Actually... you're back to comparing floats by identity. So you
shouldn't do this, apart from probing the interpreter itself. This is
not anomalous, it's just the way that Python's immutable types work.
> >>> nanfloat1 = float("nan")
> >>> nanfloat2 = float("nan")
> >>> nanmath1 = math.nan
> >>> nanmath2 = math.nan
> >>> nannumpy1 = numpy.nan
> >>> nannumpy2 = numpy.nan
> >>> nanfloat1 is nanfloat2
> >>> nanmath1 is nanmath2
> >>> nannumpy1 is nannumpy2
> >>> nanfloat1 is nanmath1
> >>> nanfloat1 is nannumpy1
> >>> nanmath1 is nannumpy1
> This seems a tad inconsistent but perhaps completely understandable. Yet all
> three claim to float ...
> >>> list(map(type, [ nanfloat1, nanmath1, nannumpy1 ] ))
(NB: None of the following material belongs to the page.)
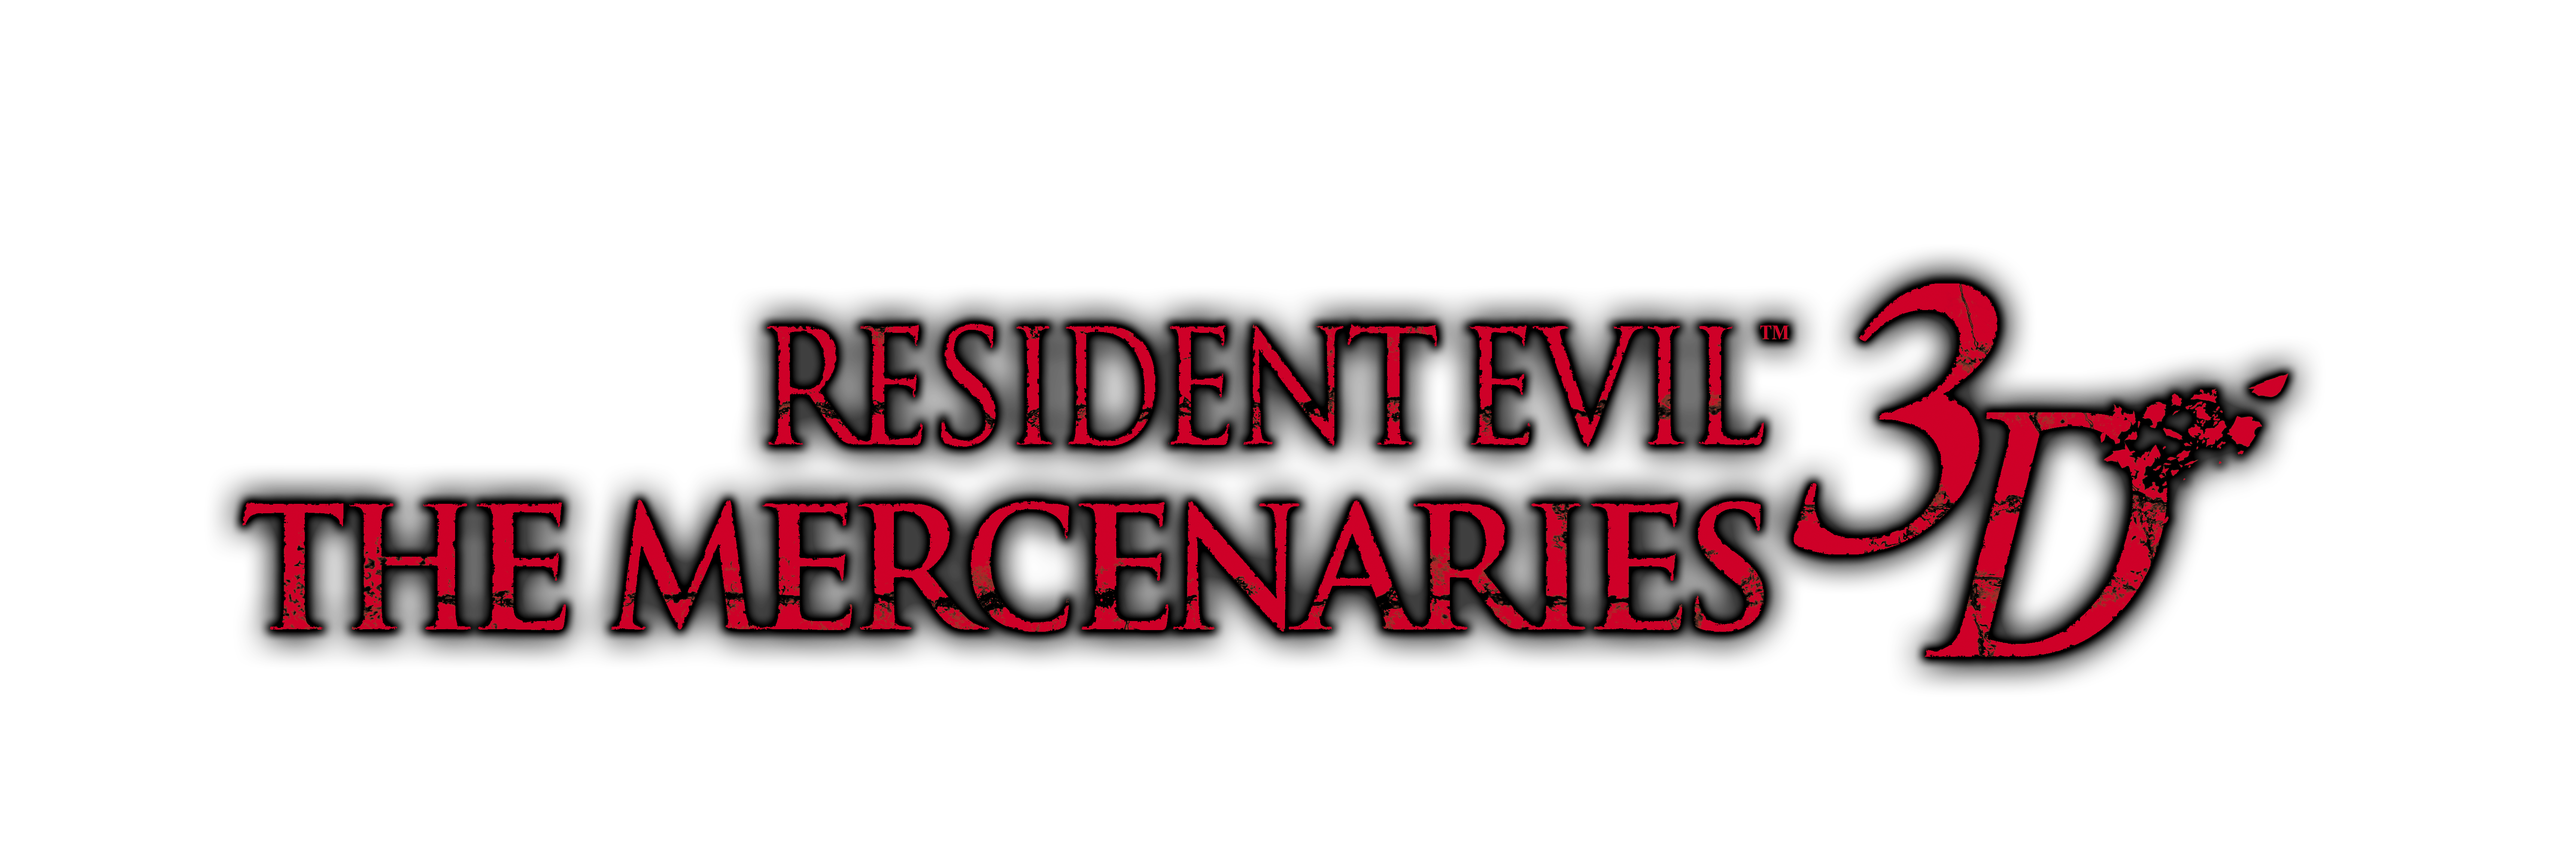 Video Game Resident Evil: The Mercenaries 3D HD Wallpaper | Background Image

> [<class 'float'>, <class 'float'>, <class 'float'>]
Well... yes. Every one of them IS a float, and every one of them DOES
carry the value of "nan". and they're not identical. So? You can do
the same with other values of floats, too.
> Now granted comparing floats is iffy if the floats are computed and often
> fails because of the internal bit representation and rounding. But asking if
> a copy of a float variable to a new name points to the same internal does
Nope, this is nothing to do with rounding.
> What I see happening here is that math.nan is a real object of some sorts
> that is instantiated by the math module at a specific location and
> presumable setting anything to it just copies that, sort of.
Okay, I think I see the problem here. You're expecting Python objects
to have locations (they don't, but they have identities) and to be
copied (they aren't, they're referenced), and you're expecting nan to
not be a value (it is). Python's object model demands that math.nan be
a real object. Otherwise you wouldn't be able to do anything at all
> >>> id(math.nan)
> Oddly, every copy of it gets another address but the same other address
> which hints at some indirection in the way it was set up.
> >>> m = math.nan
> >>> id(m)
> >>> n = math.nan
> >>> id(n)
> >>> o = m
> >>> id(o)
That isn't an address, it's an integer representing the object's
identity. And you could do this with literally ANY Python object. That
is the entire definition of assignment in Python. When you assign an
expression to a name, and then look up the object via that name, you
get... that object. That is how most modern high level languages work.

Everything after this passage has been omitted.